Okay, if this is coming out the same regardless I suppose it doesn't
matter. I am still not a huge fan of skipping the parenthesis as I
feel it is a bit uglier to read but that isn't anything that has to be
fixed.
> >> }
> >> + WRITE_ONCE(rand, rshift);
> >>
> >> - if (rand & 1)
> >> + if ((long)r < 0)
> >
> > One trick you might be able to get away with here is to actually
> > compare r to rshift. "If (rshift <= r)" should give you the same
> > result. This works since what you are essentially doing is just adding
> > r to itself so if you overflow rshift will be equal to at most r - 1.
> > However with the addition of the single bit in the rshift == 0 case it
> > could potentially be equal in the unlikely case of r being all 1's.
>
> Er... but why would I want to? On most processors, "branch on sign bit"

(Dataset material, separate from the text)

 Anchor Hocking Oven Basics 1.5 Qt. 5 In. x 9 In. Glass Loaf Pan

> is a single instruction, and that's the instruction I'm hoping the
> compiler will generate.
>
> That's why I changed the shift direction from the original right (testing
> the lsbit) to left (testing the msbit): slight code size reduction.
>
> Anything else produces larger and slower object code, for no benefit.

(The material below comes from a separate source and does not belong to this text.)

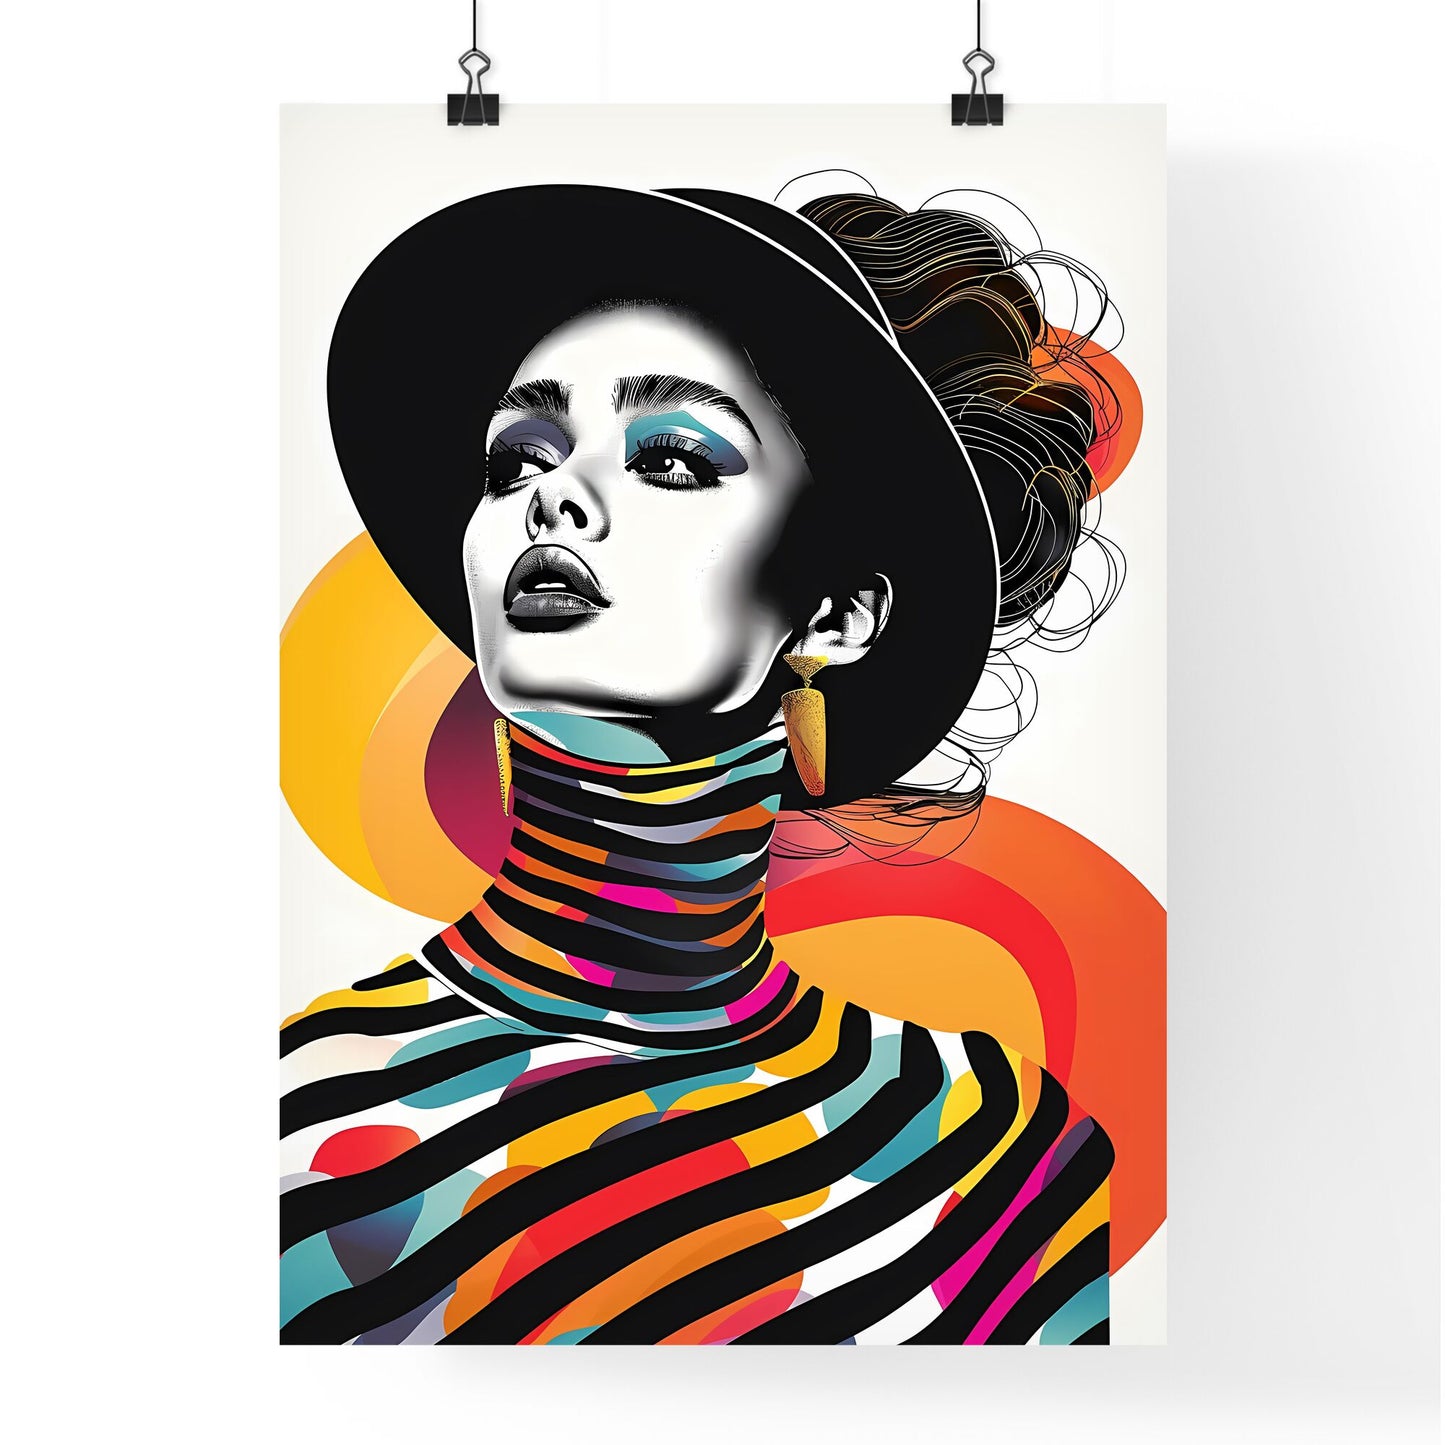 Black and white illustration of a stylish, expressive woman with zebra patterns, showcasing minimalism and art Default Title

I was just putting it out there as a possibility. What I have seen in
the past is that under some circumstances gcc can be smart enough to
interpret that as a "branch on carry". My thought was you are likely
having to test the value against itself and then you might be able to
make use of shift and carry flag to avoid that. In addition you could
get away from having to recast a unsigned value as a signed one in
order to perform the bit test.